Directions for this task »
Begin with the opening line of the records and extract each line through the one holding "Yamaha AVX-S30 owner"; pictures are not part of the copy.

Dataset excerpts »
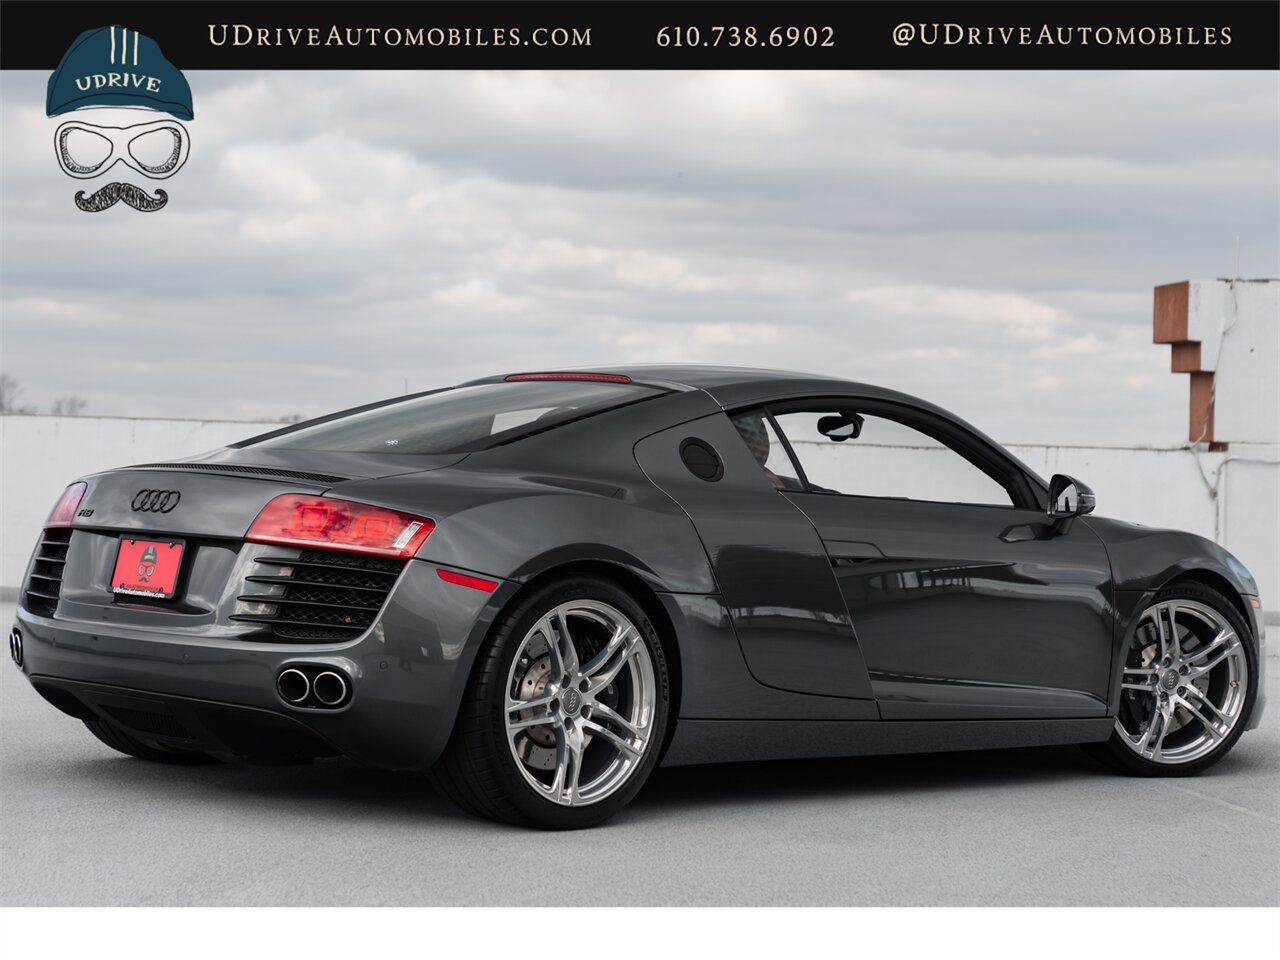 2009 Audi R8 Quattro  4.2 V8 6 Speed Manual 15k Miles - Photo 4 - West Chester, PA 19382
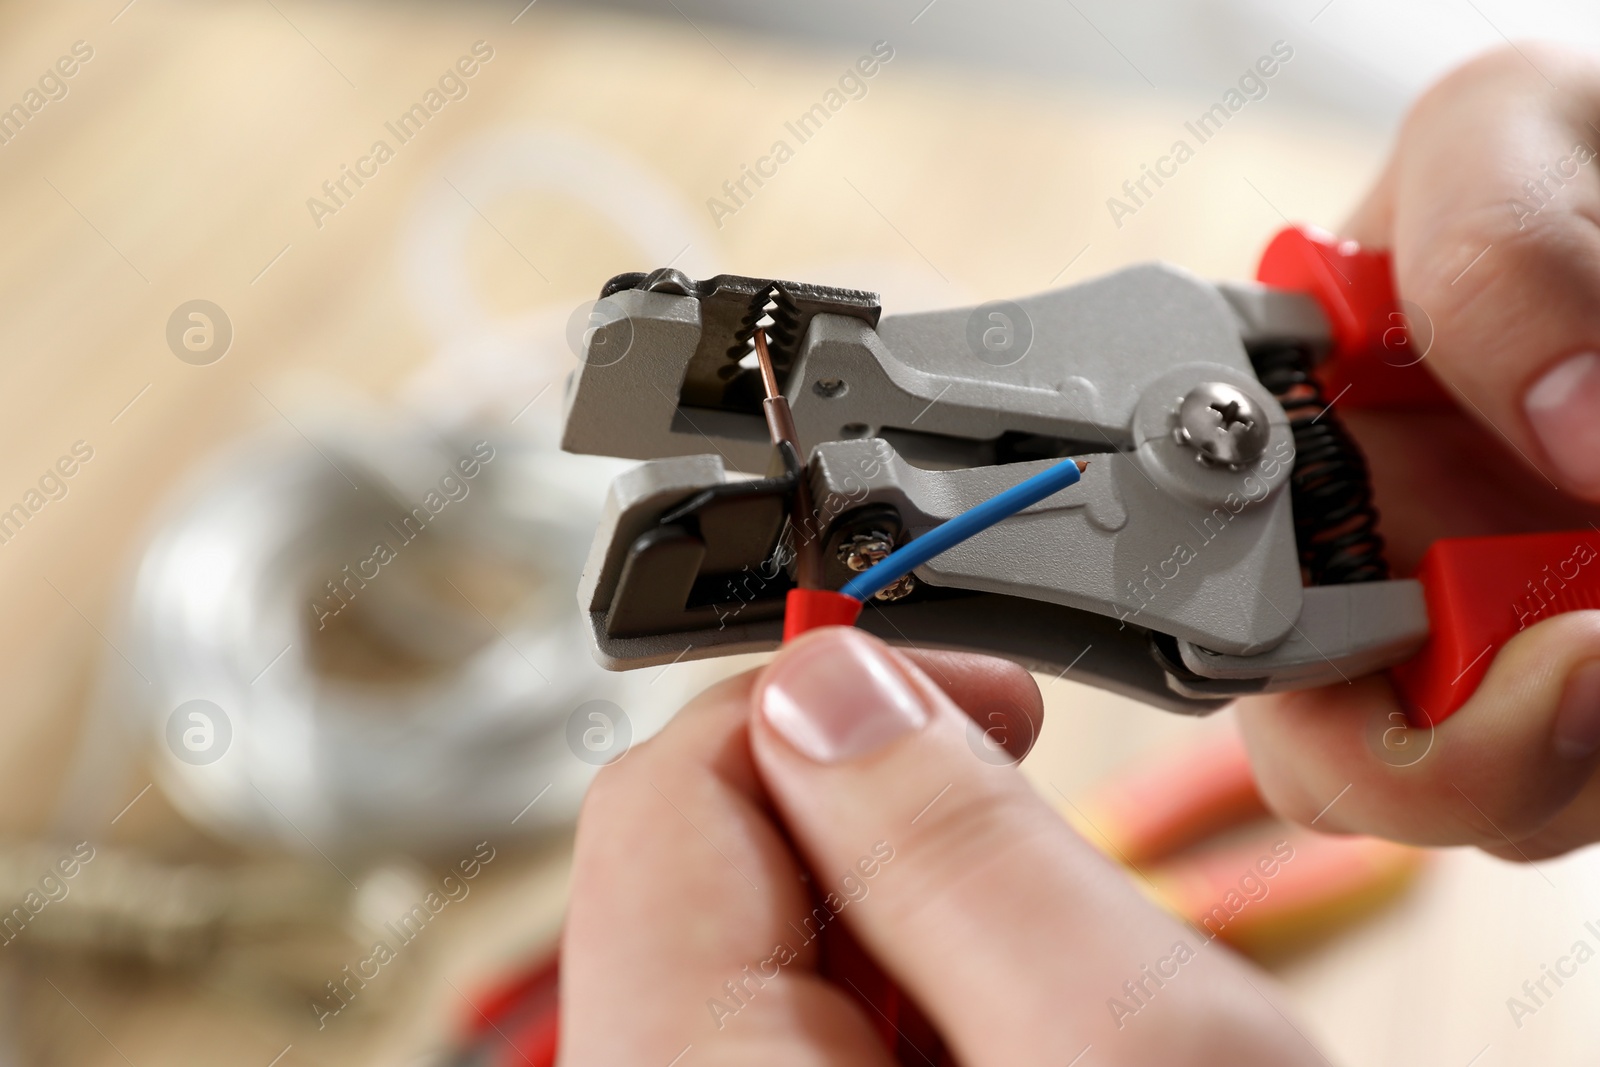 Photo of Professional electrician stripping wiring against blurred background, closeup view
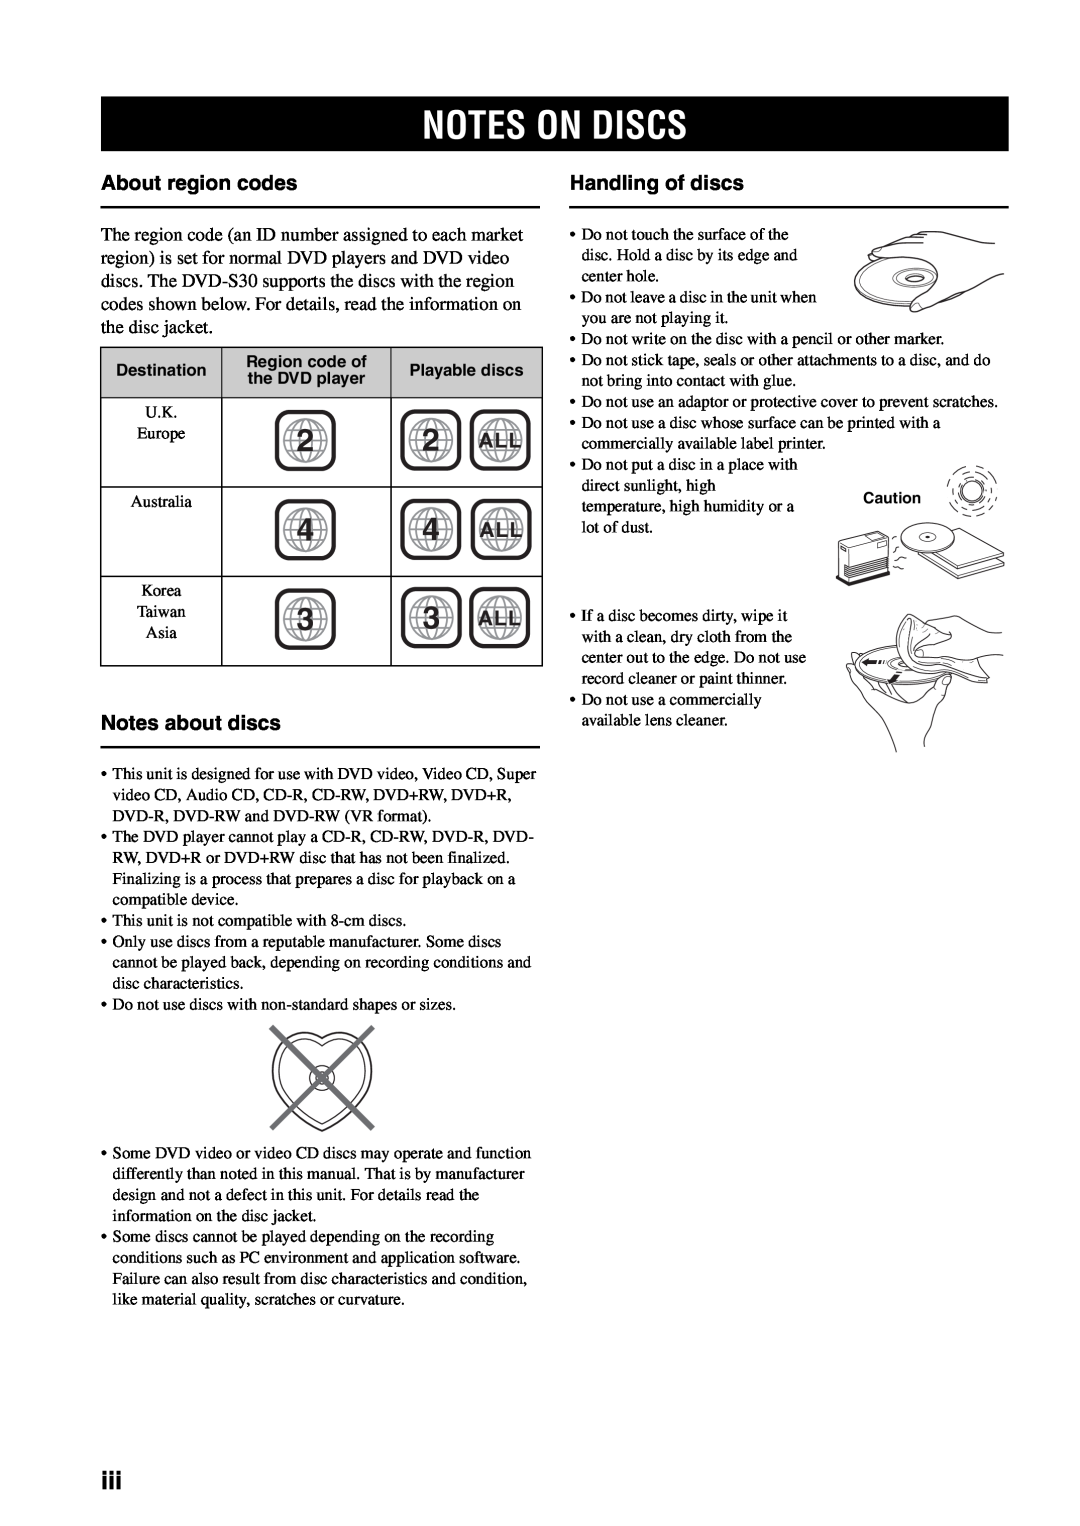 Yamaha AVX-S30 owner manual Notes On Discs, About region codes, Notes about discs, Handling of discs 
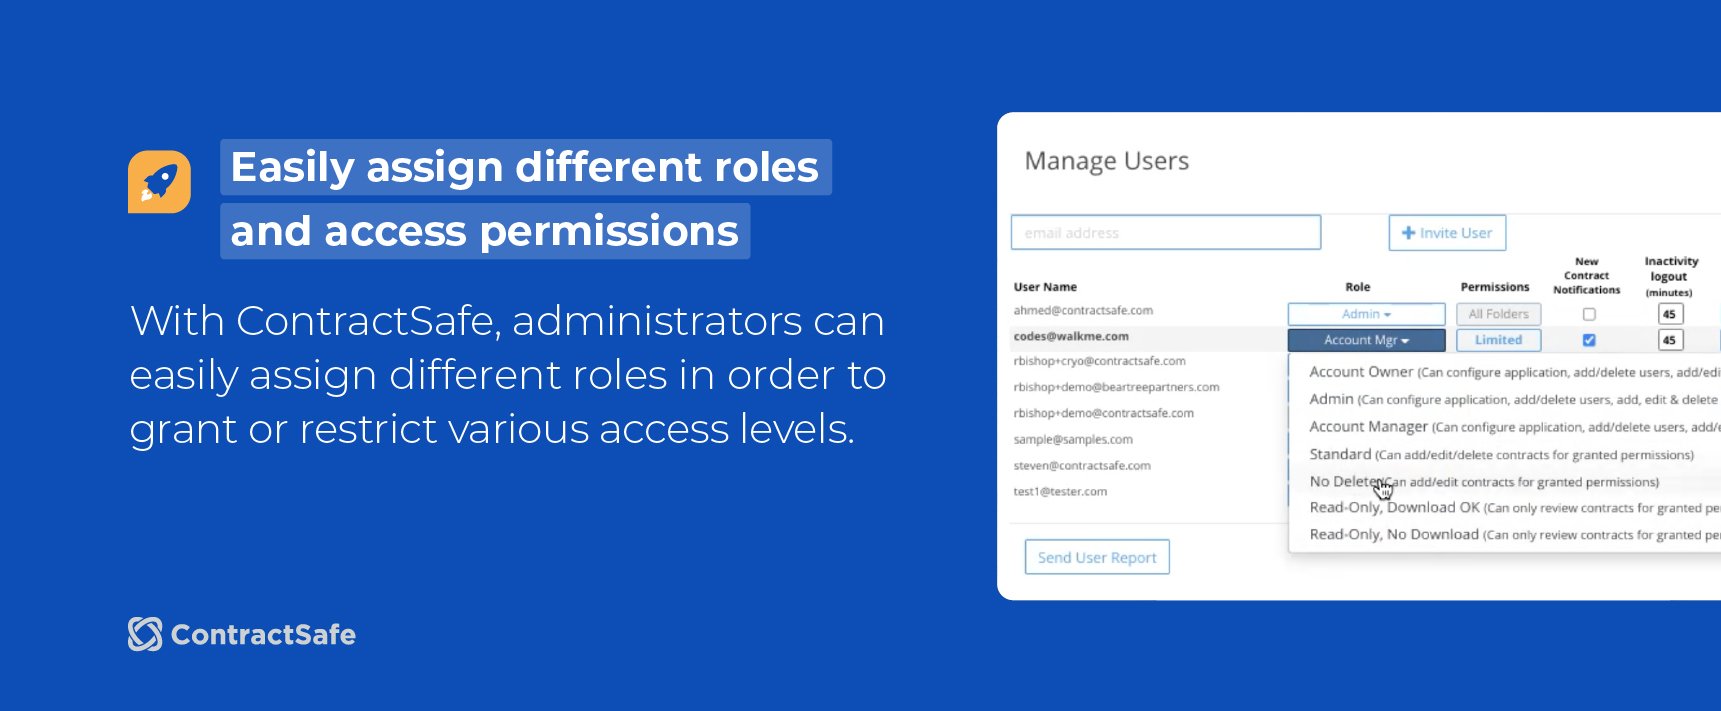 Easily assign different roles and access permissions. With ContractSafe, administrators can easily assign different roles in order to grant or restrict various access levels.
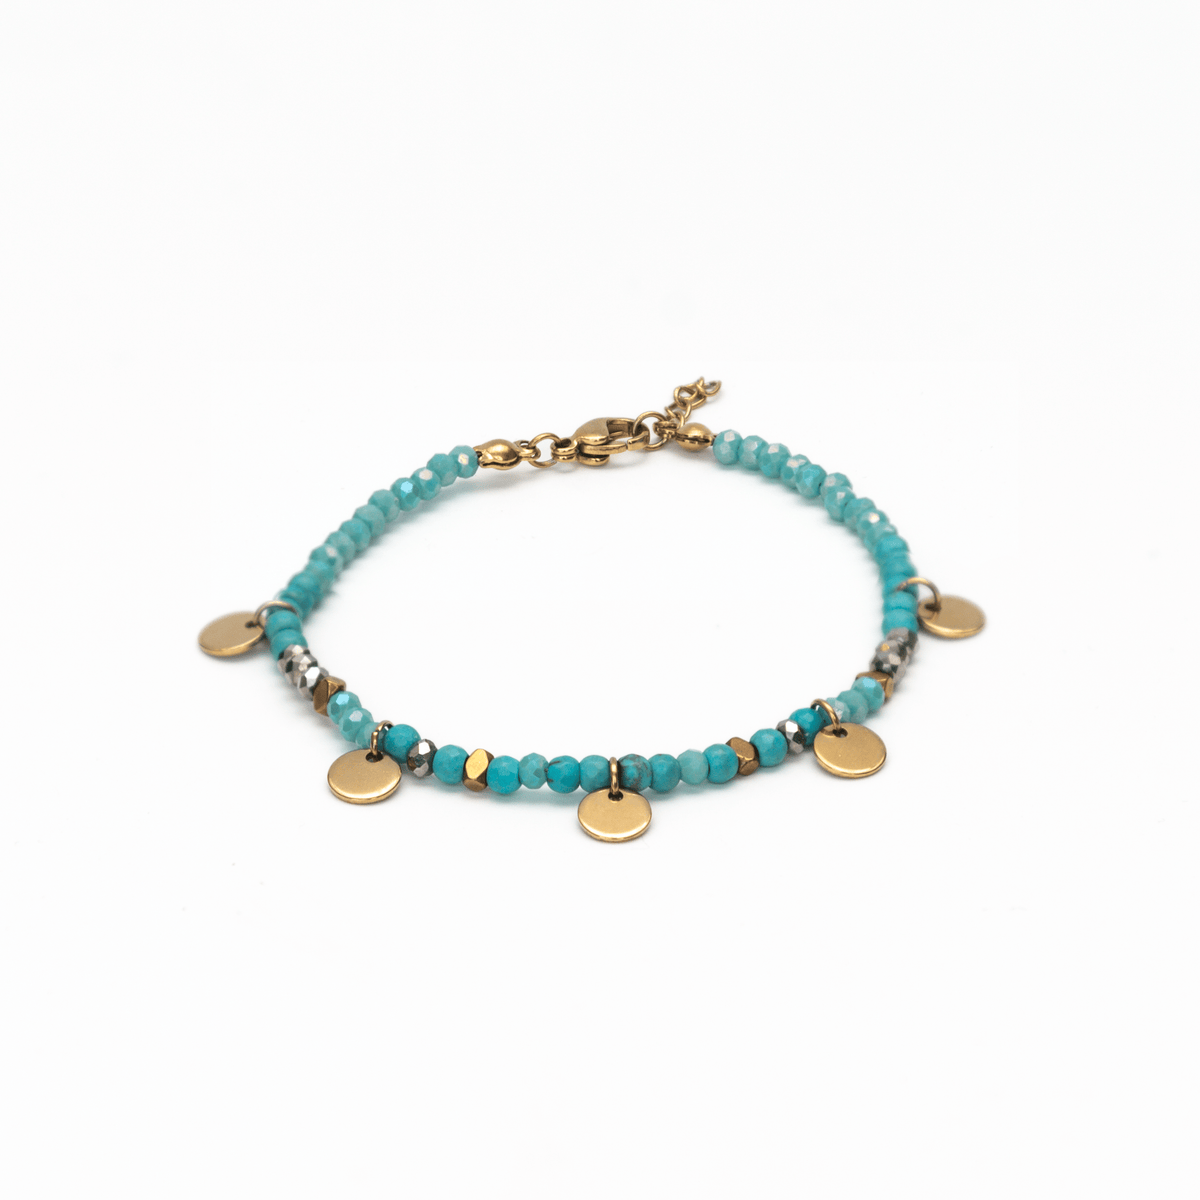 Turquoise Beaded Bracelet with Charms

Solution for this task »
 2009 Audi R8 Quattro  4.2 V8 6 Speed Manual 15k Miles - Photo 4 - West Chester, PA 19382
 Photo of Professional electrician stripping wiring against blurred background, closeup view
 Yamaha AVX-S30 owner manual Notes On Discs, About region codes, Notes about discs, Handling of discs 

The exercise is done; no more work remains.